In his poem “The Otter,” Seamus Heaney uses the otter as a conceit, which is an extended metaphor that compares two quite dissimilar things in creative and sometimes shocking ways. In this poem, Heaney compares an otter and a woman. The speaker watches as the woman plunges into the pool, noting how “the light of Tuscany wavered” from her dive. This woman swims like an otter as he watches, appreciating the lines of her shoulders and back as she moves through the water. As he follows her swim, the speaker thinks about how when he holds her, the two are as close as the water and the atmosphere.
In the fourth stanza, the otter image varies. He now envisions the woman as an otter swimming through his memory. The memory of her is lithe, graceful and supple, and palpable, almost able to be touched and grasped. Yet it is swimming in the “pool of the moment,” and it is soon gone.

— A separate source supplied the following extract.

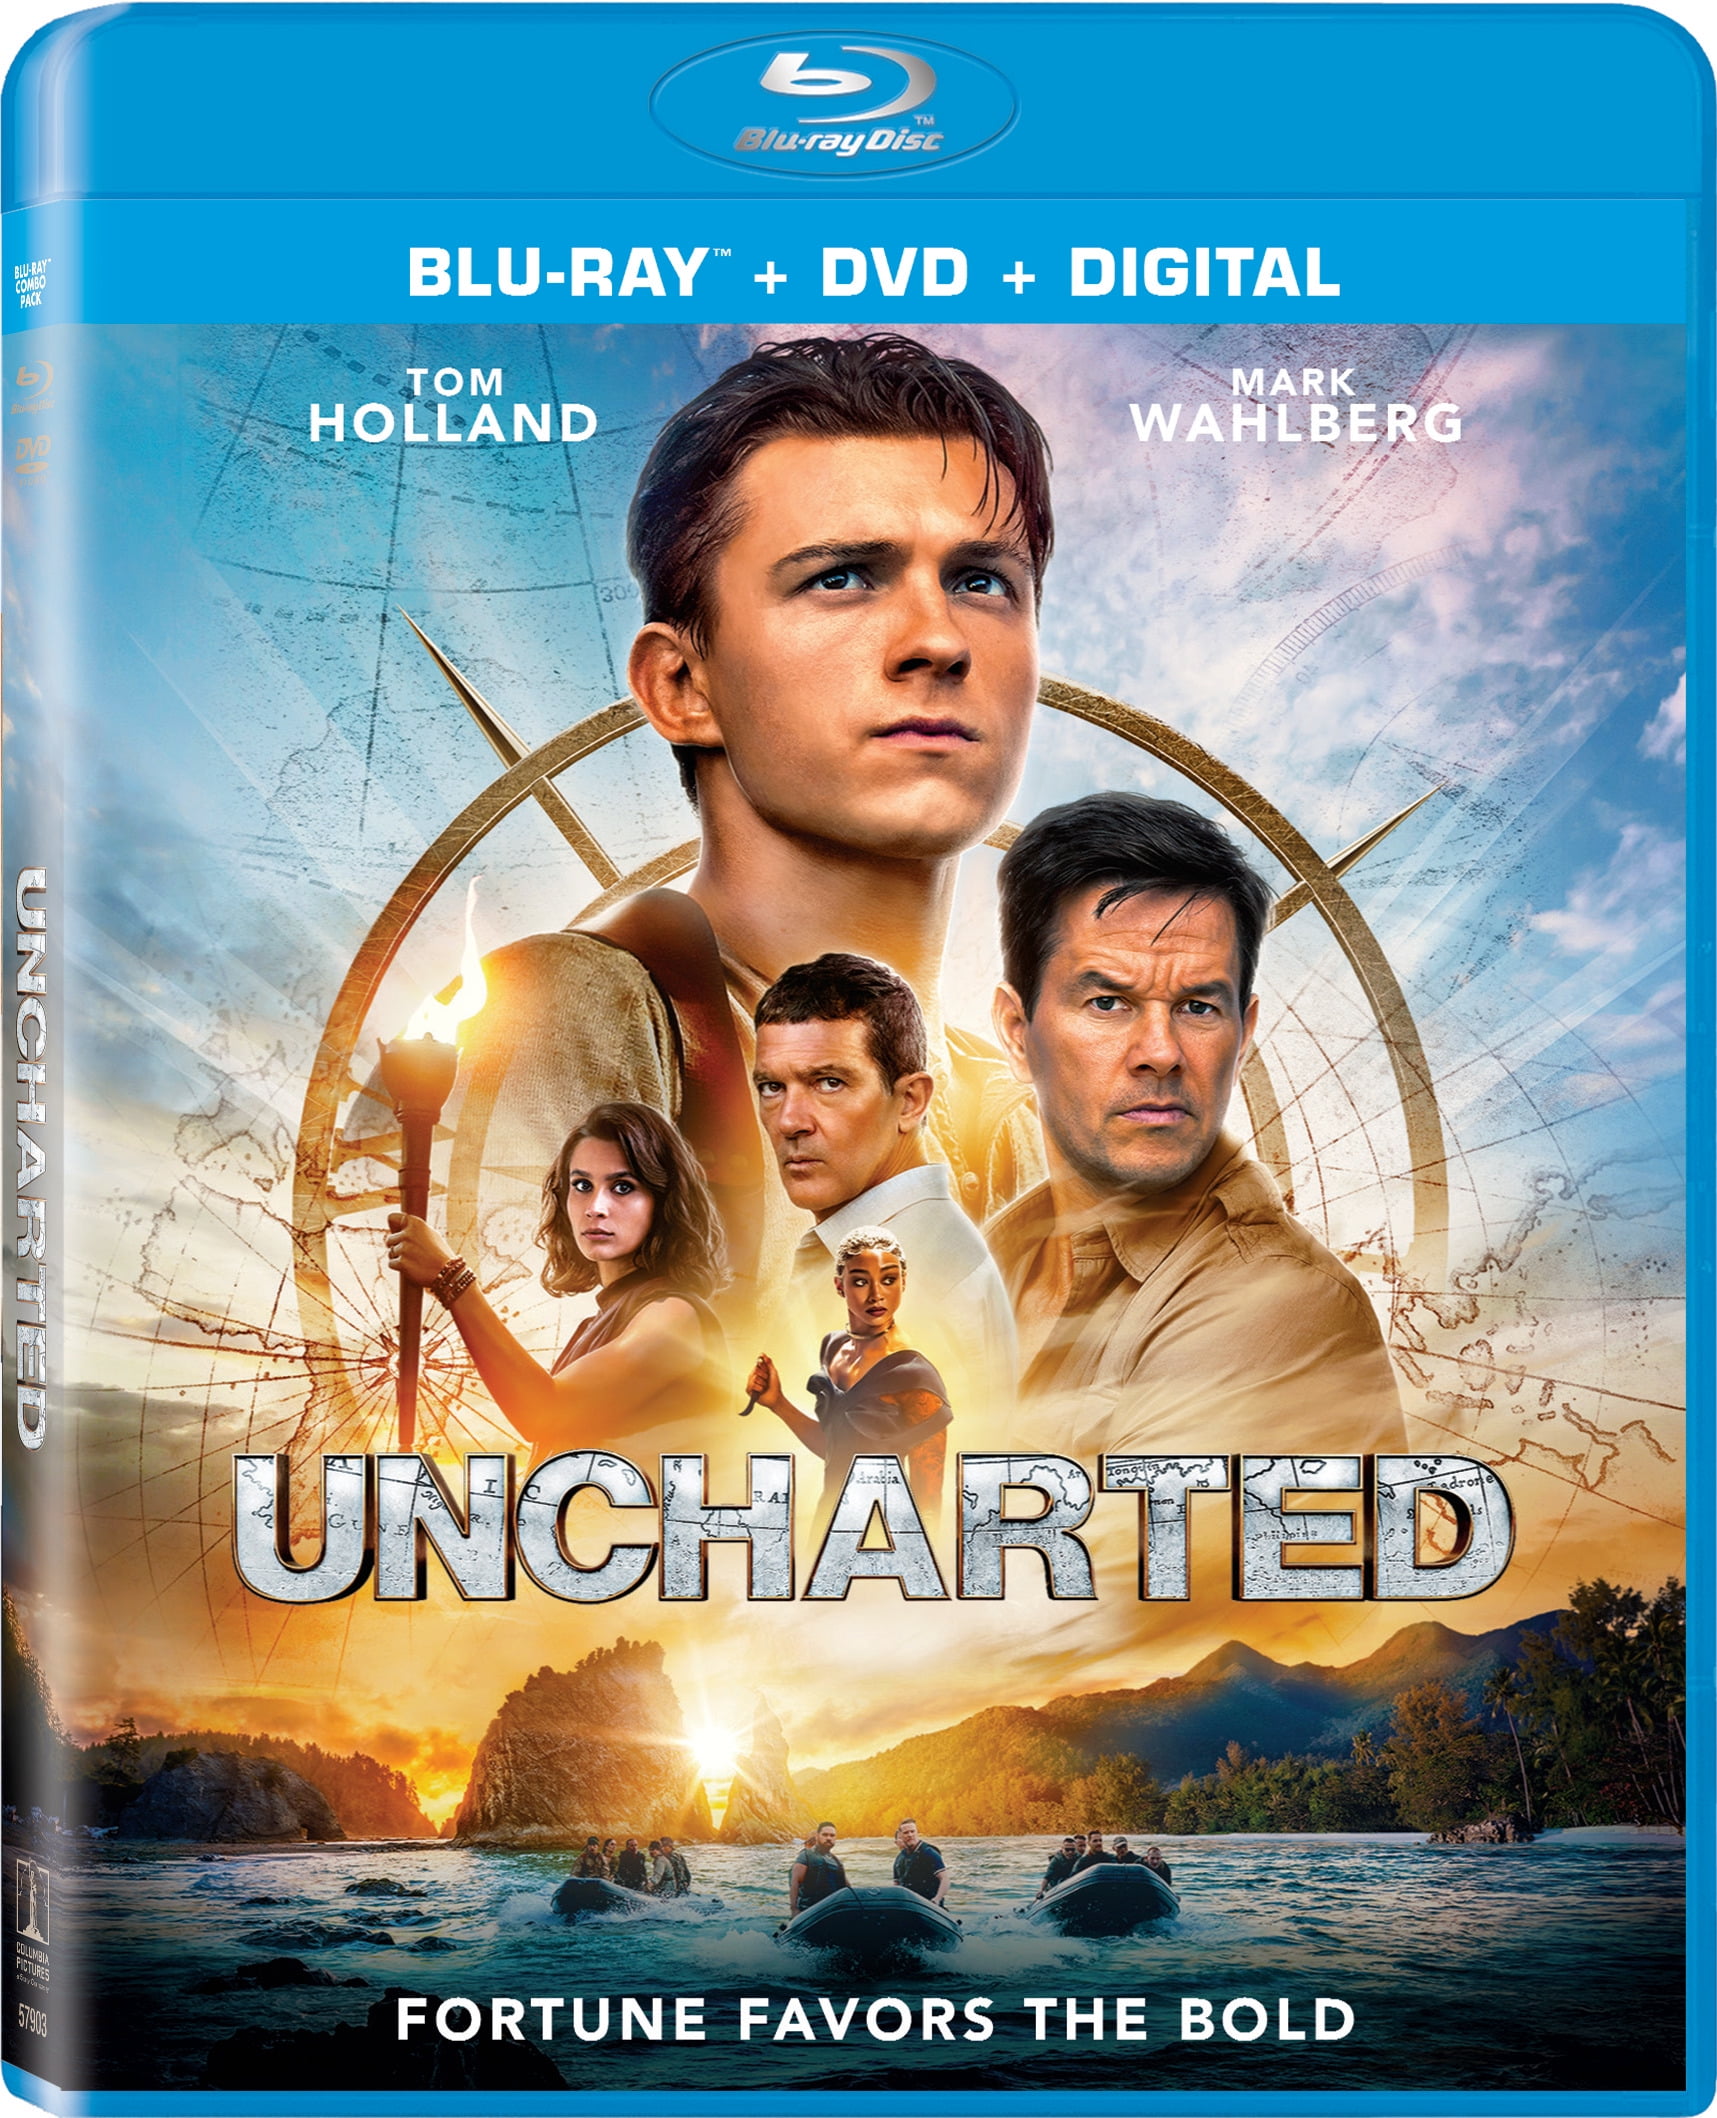 SPHE Uncharted (Blu-ray + DVD + Digital Copy)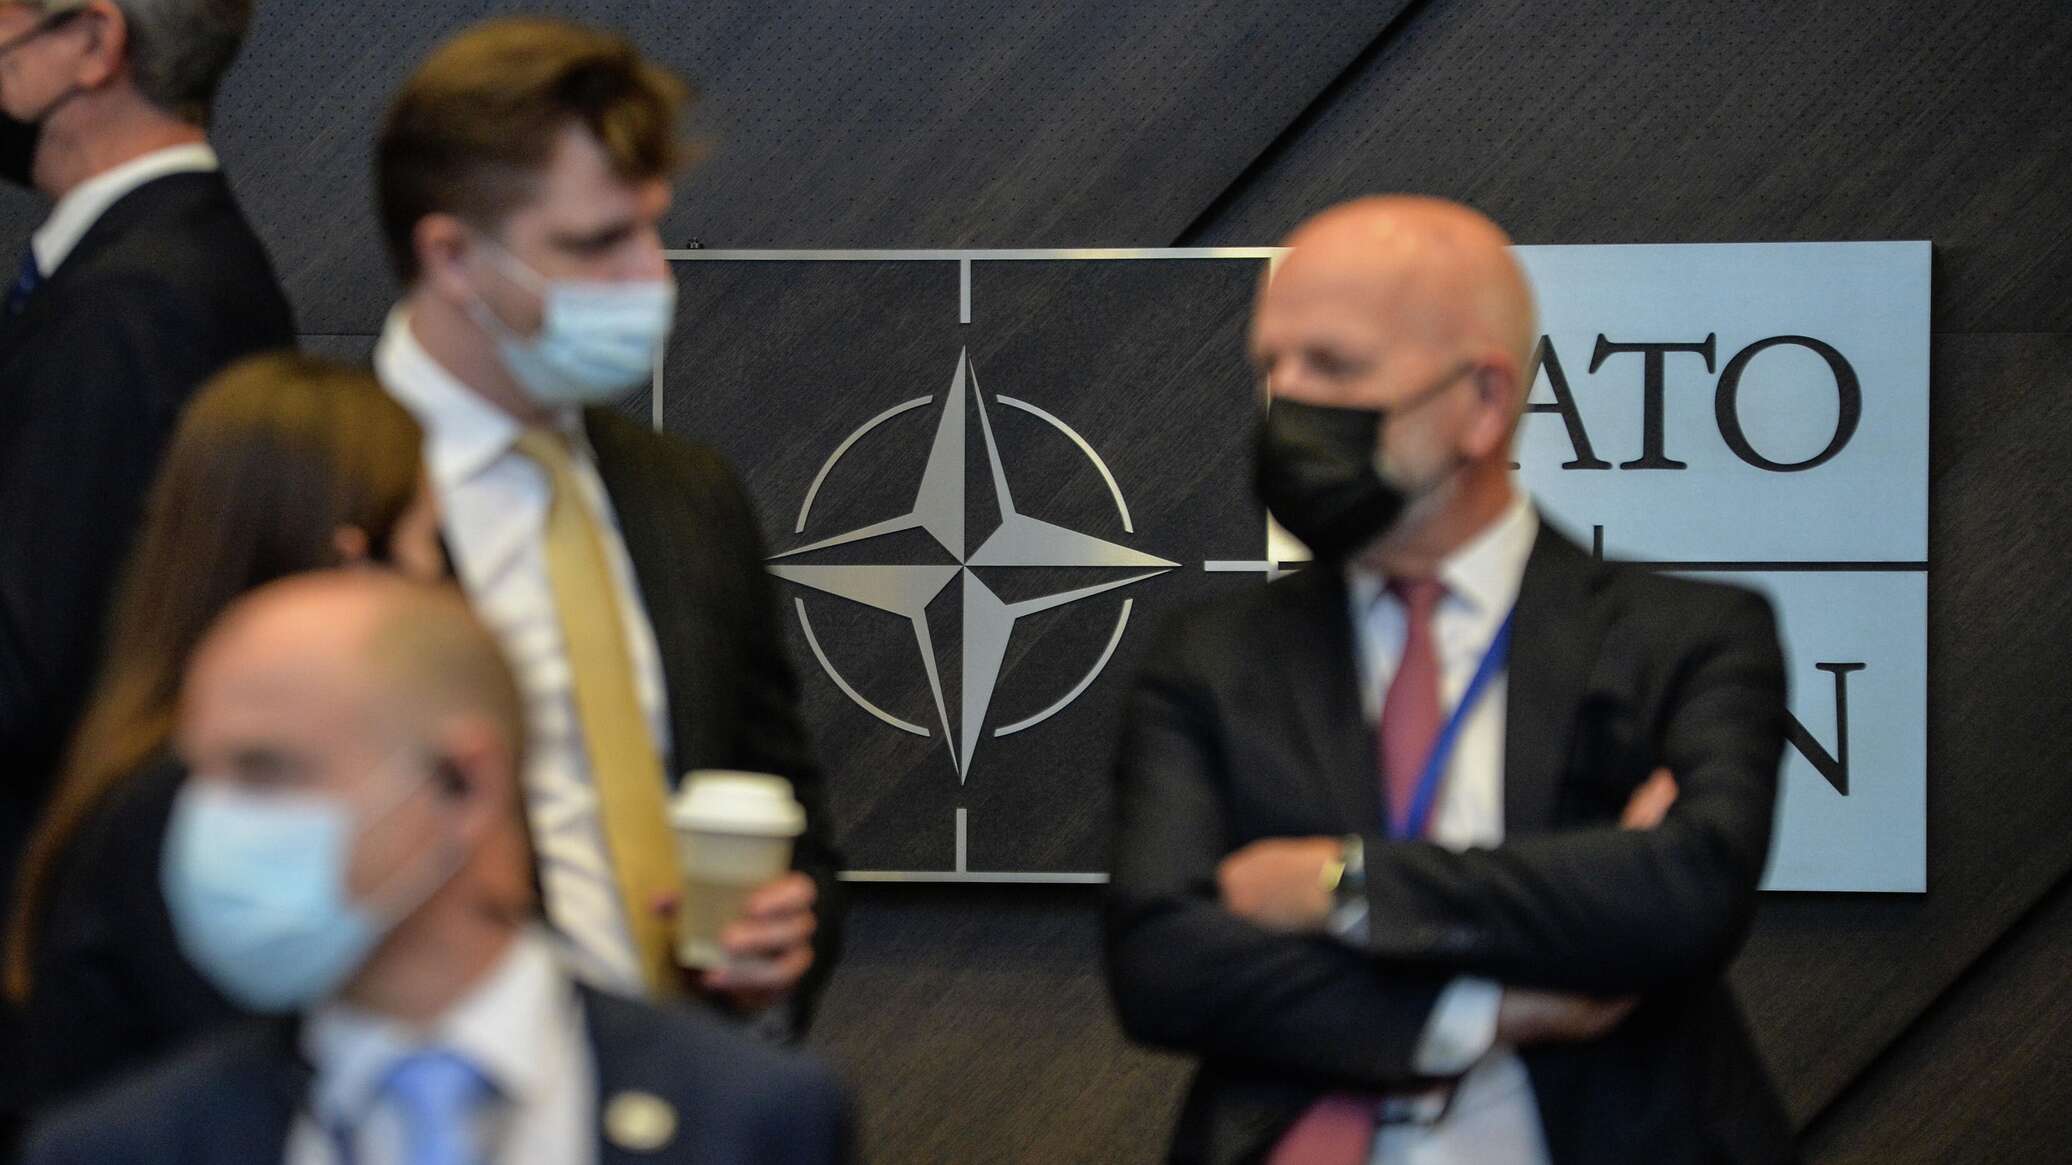 Переговоры с нато. НАТО заседание 2022. Заседание совета Россия–НАТО 2022. Переговоры Россия НАТО.

The speaker's attention returns to the woman swimming before him, and he watches her as she turns onto her back, otter-like, and swims silently as the light shifts around her. Then, fast as an otter, she is out of the water and beside him, her intensity stunning him. She is, he remarks, “Heavy and frisky” in her “freshened pelt.” She is dripping with water, her hair and skin shiny with moisture that drops onto the stones.
Heaney uses the image of the otter here likely for the purpose of sensuality. Otters are beautiful creatures with fine lines and a great deal of grace. They are also playful, intriguing, and quite adorable—all characteristics that the poet uses to describe in the woman, who is the object of his poem. The shift to the image of “otter of memory” suggests a slipperiness, a memory that glides by and away almost before the speaker is aware of it. Indeed, the conceit of the otter proves to be both interesting and apt, and it holds readers' attention as they plunge into the poem and try to capture this graceful image.